The shelves on the door are most exposed to changes in temperature. This is because doors are constantly being opened and closed.
The bottommost drawer is meant for vegetables and fruits. It is the best place to keep things crisp.
The air circulating there is more humid than the rest of the fridge - making it the perfect environment for produce.
Finally, your freezer is where the temperature is the lowest and is the least exposed to continual changes in temperature.
Eggs need a consistent temperature to stay fresh. If you use eggs very often, then it's okay to keep them in the fridge egg container.
If you don't use them as frequently- keep them in their original packaging - on a middle shelf.
All dairy items must be kept cold. When temperatures start fluctuating, dairy items spoil quite quickly.
I like to keep milk and other dairy items right at the back, where it is coldest.
The only exception is butter - which I keep in the dairy rack or on the door.
Raw meats should be kept on lower shelves. Try storing them at the bottom to avoid any juices dripping on your other foods.
Cooked and processed meats can be kept on any of the shelves in your fridge - as long as they are packed properly.
I strictly keep vegetables and fruits in the crisper.
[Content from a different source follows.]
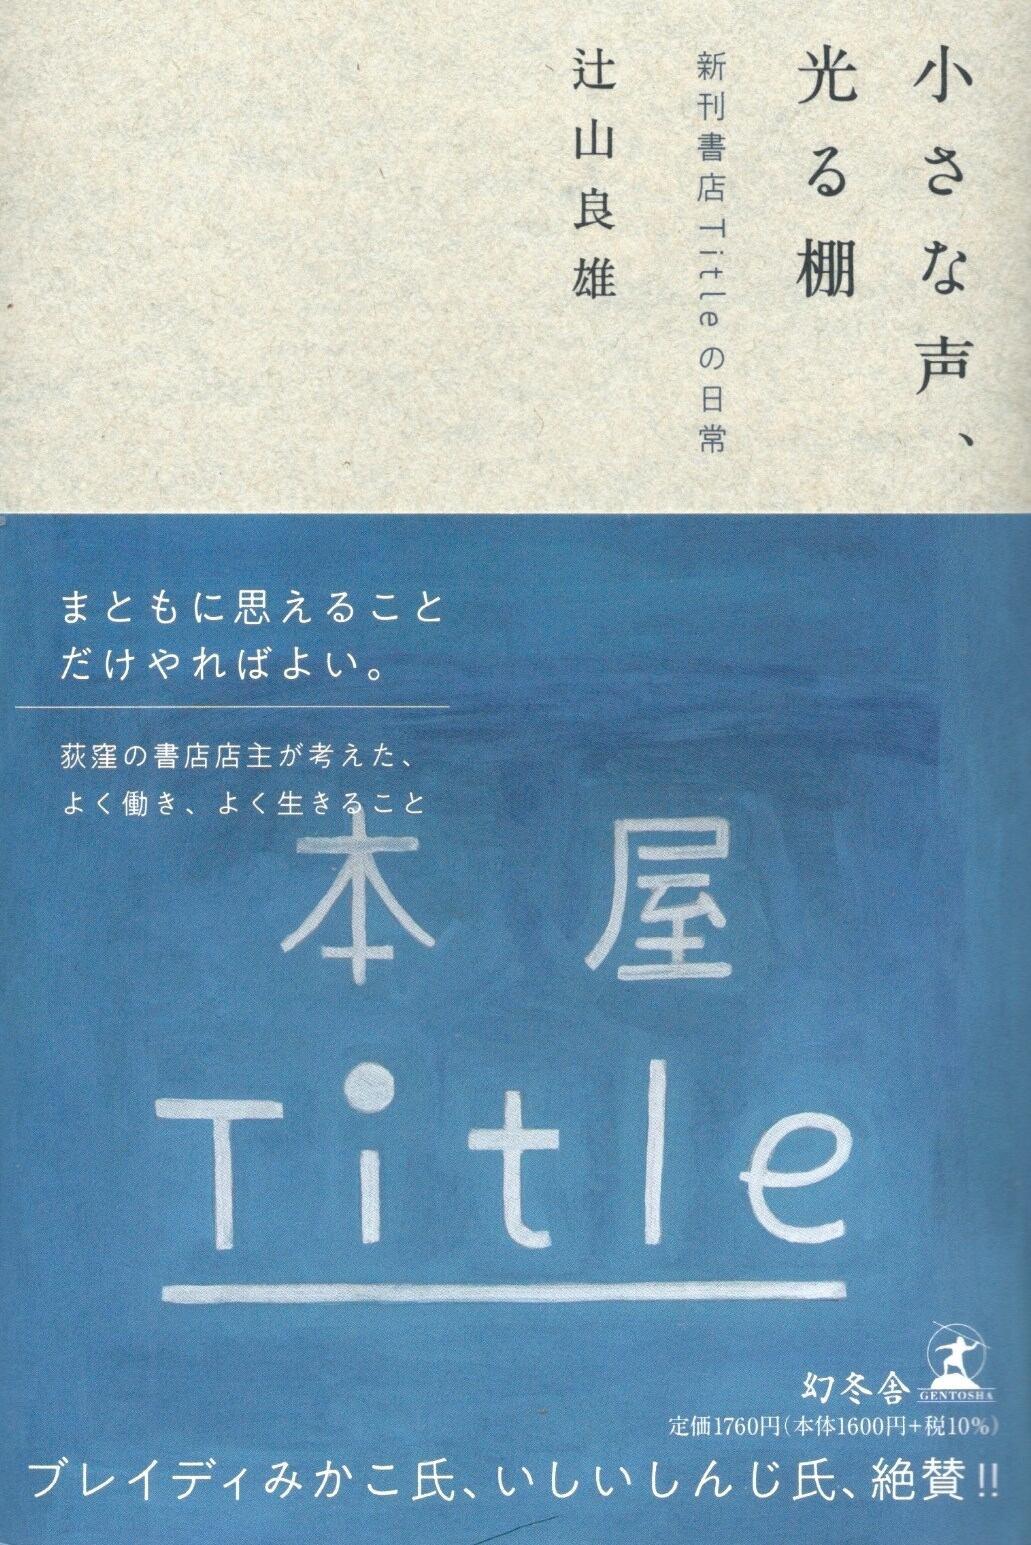 小さな声、光る棚——新刊書店Titleの日常

The air in a little more humid in the crisper. And so my produce stays fresh much longer.
1. I bought a few acrylic storage bins for my fridge. This helped group things together, as well as protecting foods from being cross-contaminated.
2. I have started to label all my leftovers with the date they were prepared. This way I know exactly when they are too old.
Labelling my foods has helped me make sure that other people are also able to understand my system of storing foods in the fridge!
3. I keep all beverages on the door of my fridge - for easy access.
Once I started following these simple rules, I have found that my fridge stays neat, clean and really well-organised for a long time!